# Having an Affair with Your Own Spouse?



## Batman4691 (Jun 24, 2013)

I've heard advice several times that if your marriage or relationship is experiencing a rough spot, or you find your eyes wandering to others for sexual reasons, or you just want to spice it up and pull it out of a slump, that you should have an affair with your own spouse. 

You may start it out by sending flowers and a suggestive note to your wife while she's at work or home, or text her/him to meet you after work at a local hotel, or after an evening out at dinner, instead of going home to the house and kids, take that trip to that hotel room. 

Anything that you may think someone who would have an elicit affair with your spouse would do.

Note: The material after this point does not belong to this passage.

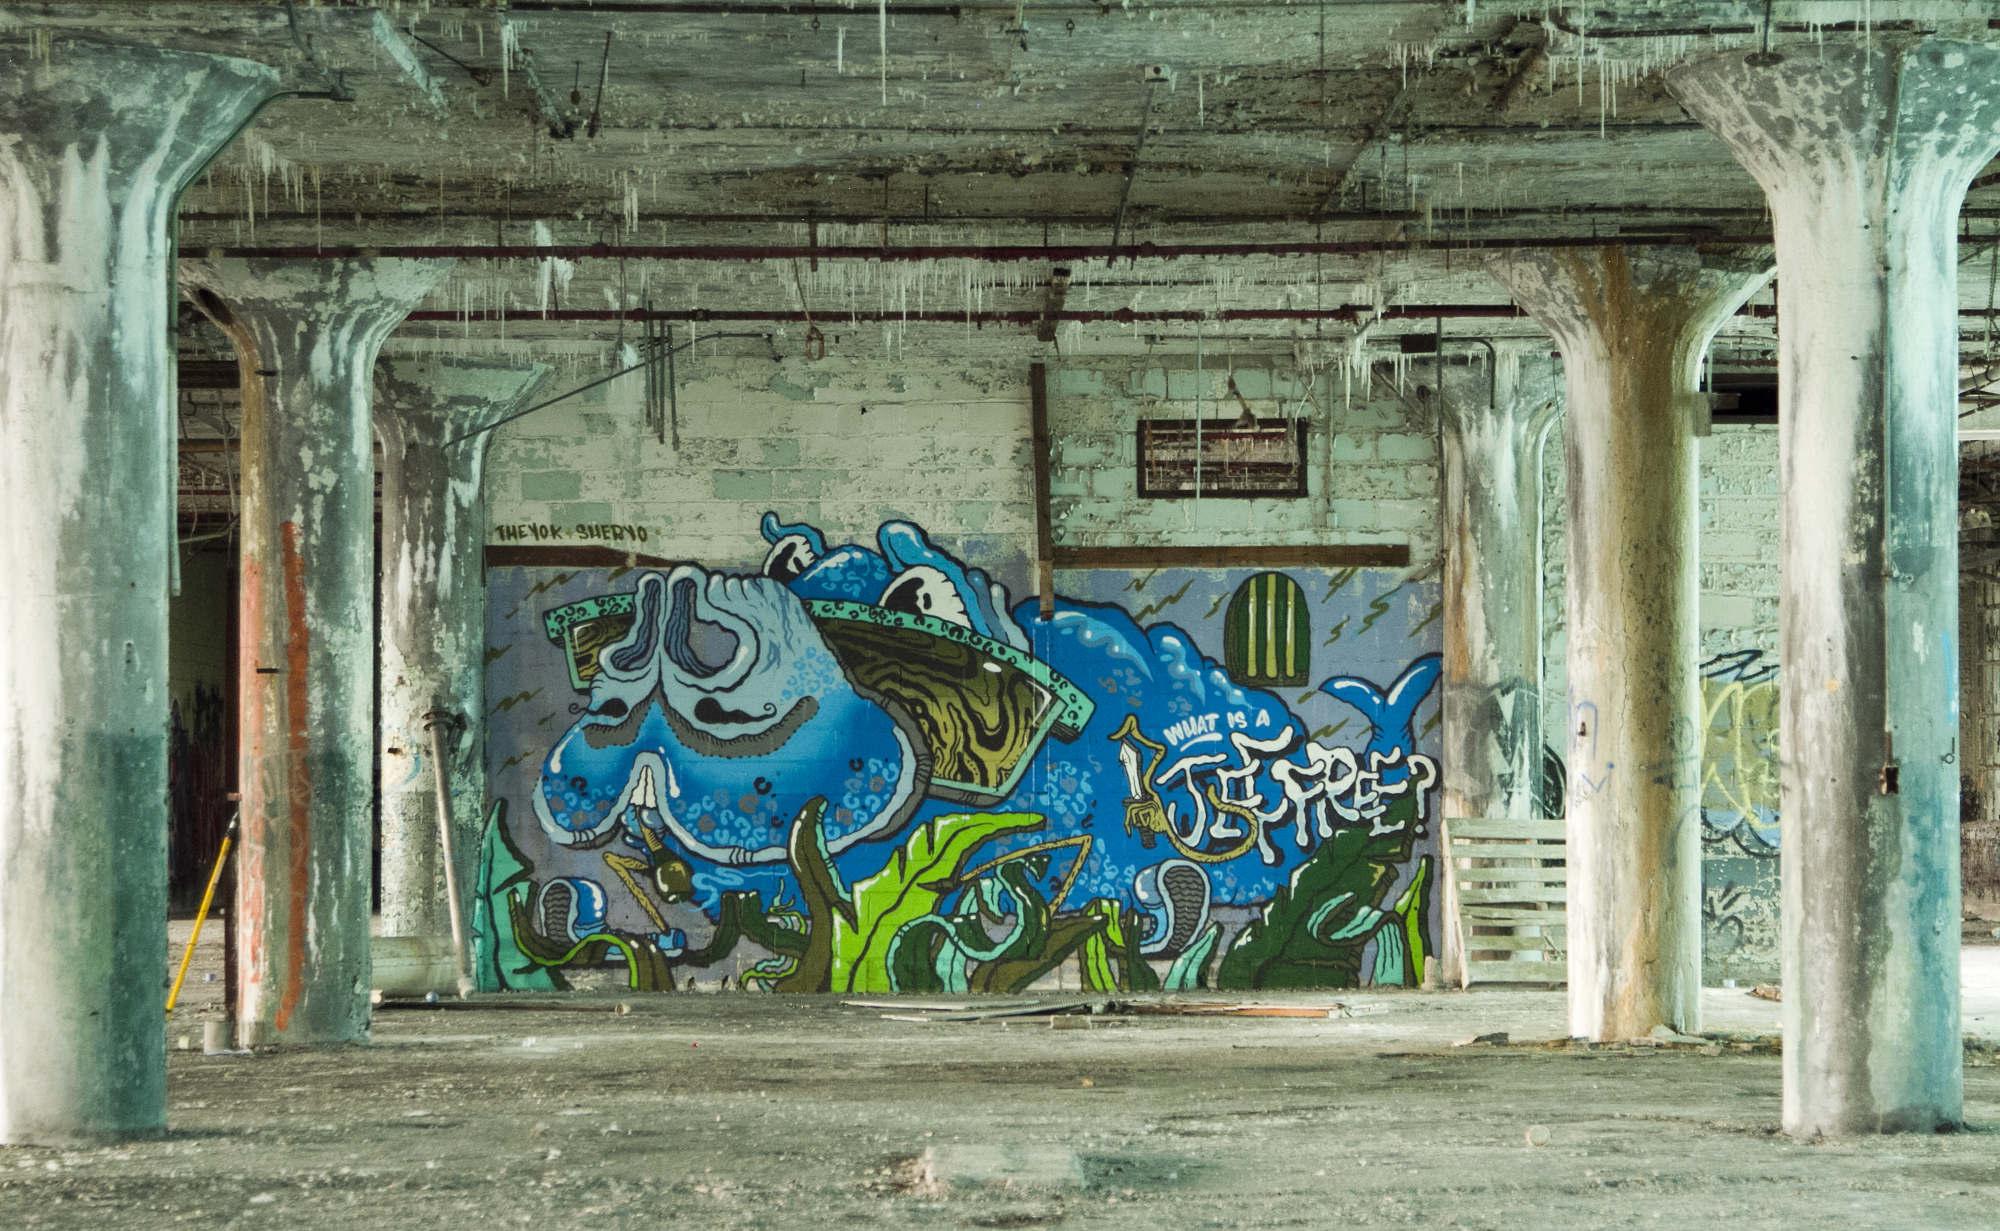 yok-sheryo-graffiti-cartoon-skateboard-1

Has anybody actually tried this, and what was the outcome, and did it work?


----------



## EleGirl (Dec 3, 2011)

I've done it and it's fun.


----------



## committed_guy (Nov 22, 2011)

I have also done it with no response from her. Good luck.


----------



## Anon Pink (Jan 17, 2013)

I've done it twice. It hasn't really worked for us. After the first time I had to put a complete moratorium on conversation about family, kids or home. The second time we tried, I got to the bar first. He took longer than expected to arrive and by the time he got there I was sitting next to people I knew from work. Completely threw both of us off our intended pick up role play. 

Live and learn...

Although it hasn't entirely worked for us, I still think this is a great idea for casual role play fun and would encourage any married couple to give it a try.


----------



## Mavash. (Jan 26, 2012)

I did it when my husband was out of town for 3 months for work.

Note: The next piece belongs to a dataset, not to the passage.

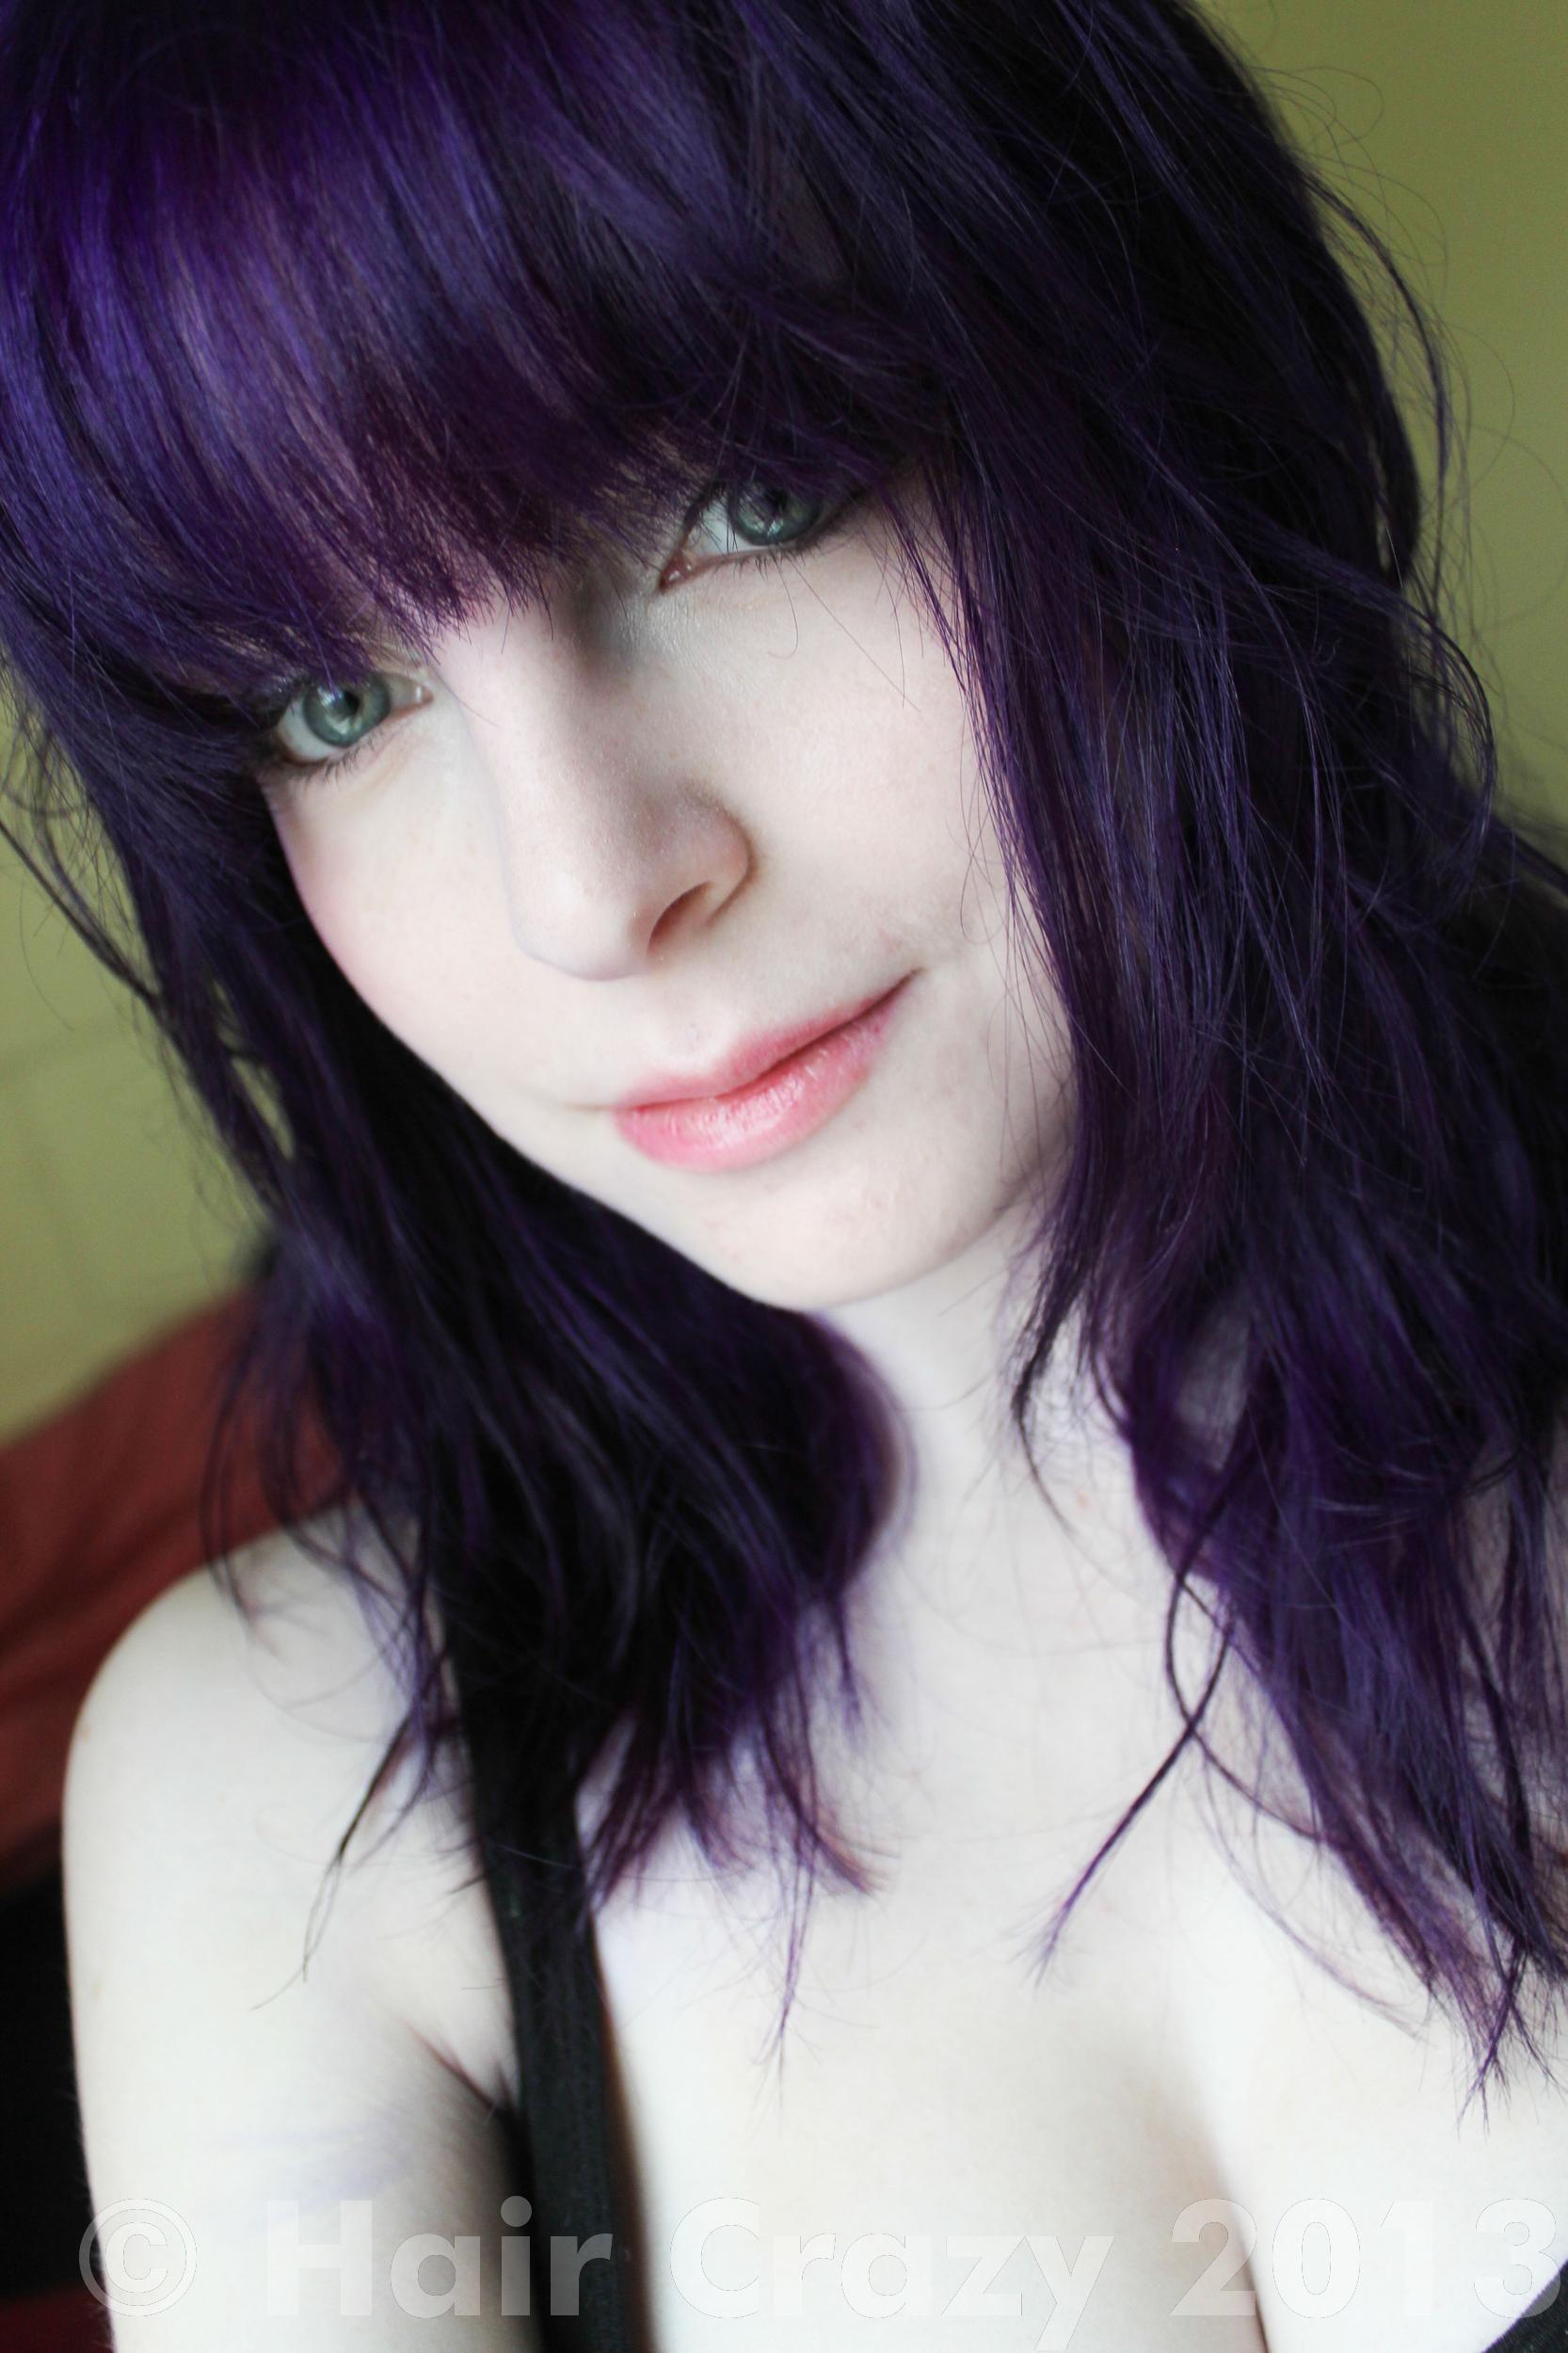 pravana hair color purple - Google Search

Wasn't planned though it just happened.

It was a blast.


----------



## Faithful Wife (Oct 31, 2012)

I feel like I am always having an affair with my husband.

We do some role playing stuff along those lines...but I mean just in our regular relationship. We keep things hot and sparkly and risky and edgy and exciting.


----------



## lifeistooshort (Mar 17, 2013)

Sometimes I tell my hb that I'm glad my hb isn't here so I can have him, and he'll tell me that he's going to do things to me that he doesn't do to his wife, but she'll be back tomorrow so he has to leave.....and other things like this. It's pretty hot.
_Posted via Mobile Device_


----------



## doubletrouble (Apr 23, 2013)

lifeistooshort said:


> Sometimes I tell my hb that I'm glad my hb isn't here so I can have him, and he'll tell me that he's going to do things to me that he doesn't do to his wife, but she'll be back tomorrow so he has to leave.....and other things like this. It's pretty hot.
> _Posted via Mobile Device_


I like the original idea, but this I couldn't do. Too many triggers...


----------



## Batman4691 (Jun 24, 2013)

The reason I asked was that I have thought about doing this. Sending my wife a text telling her to meet me downtown at the lobby of a nice hotel for a few hours with the instructions to be very discreet and don't tell her husband where she is going. 

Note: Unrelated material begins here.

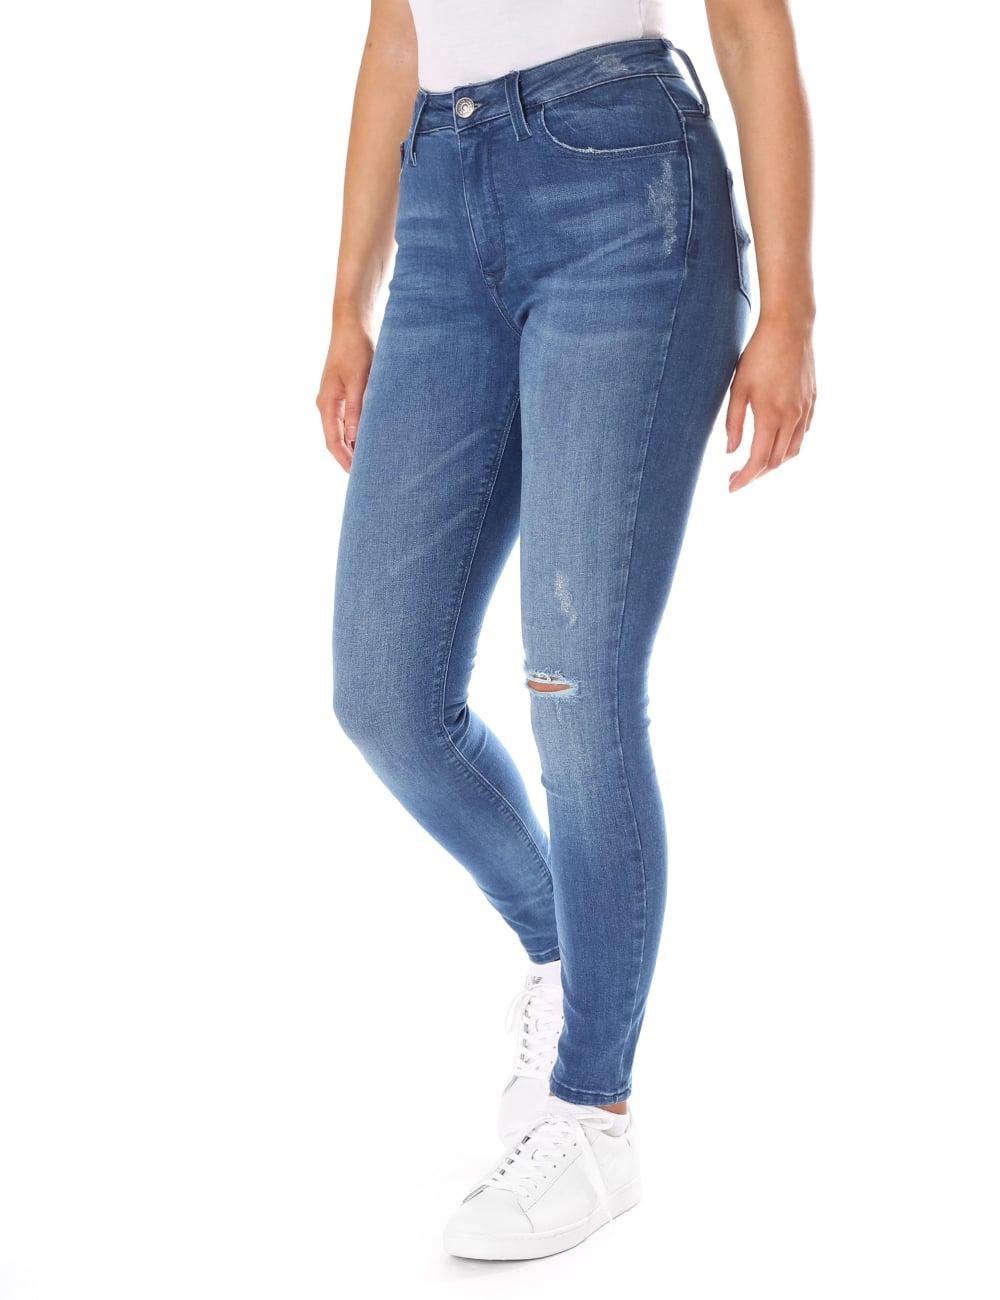 2ec19a8f Tommy Hilfiger Women's High Rise Skinny Santana Jean

If she plays along, there would be small gifts along the way, like flowers I would give her in the lobby, a necklace on the ride up in the elevator, and some of her favorite perfume and maybe some sexy lingerie once we hit the room. All the while, I would be talking to her like I was another man, and not her husband. 

The thing is there is a very good chance that all this would backfire on me. (As some have stated above). 
I could see her asking me "What's wrong with you?.... Acting like someone else,..... Going to all this just to get me in bed?" 
Then telling me the hotel room was a waste of money, etc. etc. 

However, there is a small chance that she might get into the spirit of the thing, since she loves going into the city for shopping and dinning out. 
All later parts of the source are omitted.